Part of Lower Manhattan’s prosperous year comes on account of financial firm Jane Street’s 980,000-square-foot renewal and expansion in February, as CO reported. But JLL’s third-quarter report indicated that even without the Jane Street lease, leasing activity Downtown was already up 46 percent for the year.
That report also noted that a majority of the activity occurred in the trophy and Class A space, with office leasing Downtown in those categories nearly tripling year-over-year to 2.7 million square feet.
Since 2020, Downtown has lost more than 5.5 million square feet of inventory due to conversions. It’s poised to lose another 5.8 million, displacing “2.2 million square feet of existing tenancy,” according to the report, which also cited asking rents as up 3.1 percent from the third quarter of 2024.
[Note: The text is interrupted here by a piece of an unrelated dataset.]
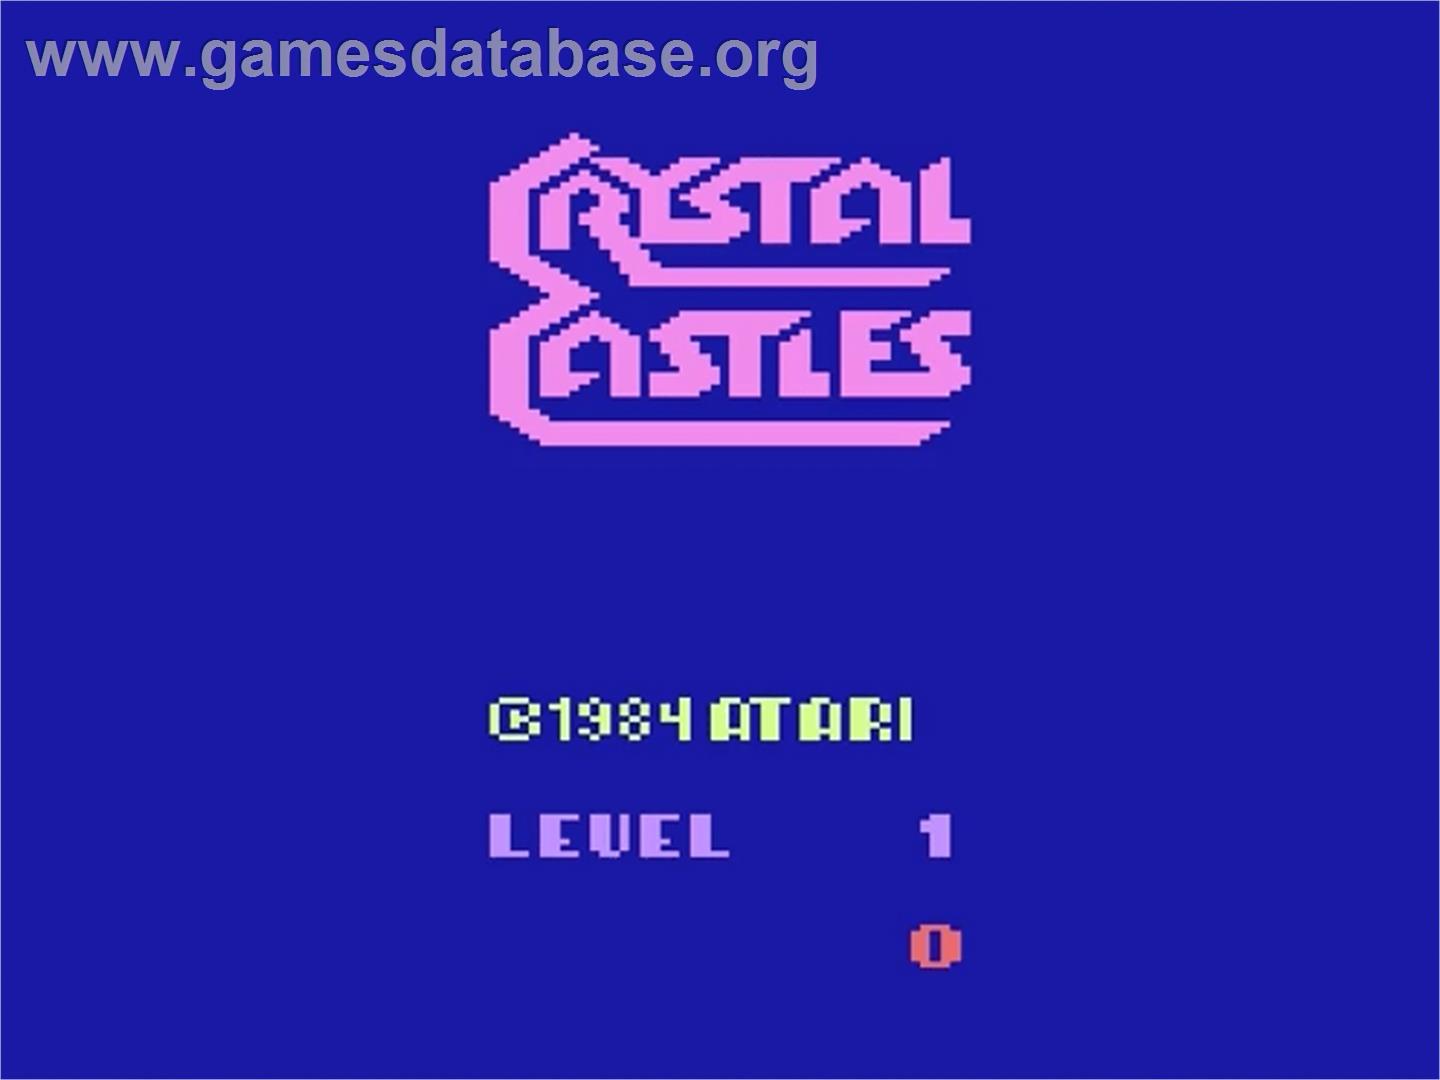 Crystal Castles - Atari 2600 - Artwork - Title Screen

Wheeler noted that part of Downtown’s healthy leasing year, given the decline in vacancy due to conversion, is that many of the office tenants losing their space to residential chose to remain in the area.
“The vast majority of these firms are choosing to stay downtown, which reinforces the district’s long-term appeal and helps stabilize fundamentals,” Wheeler said in the statement. “We’re seeing tenants migrate into high-quality value buildings like 140 Broadway, 28 Liberty, One New York Plaza and the Water Street corridor, which offer strong amenitization at attractive rents. This activity has pushed the market closer to equilibrium after several years of a distinctly tenant-favorable environment post-COVID. These forces position Downtown Manhattan for an exciting 2026, and one of the strongest demand environments the submarket has seen in over a decade.”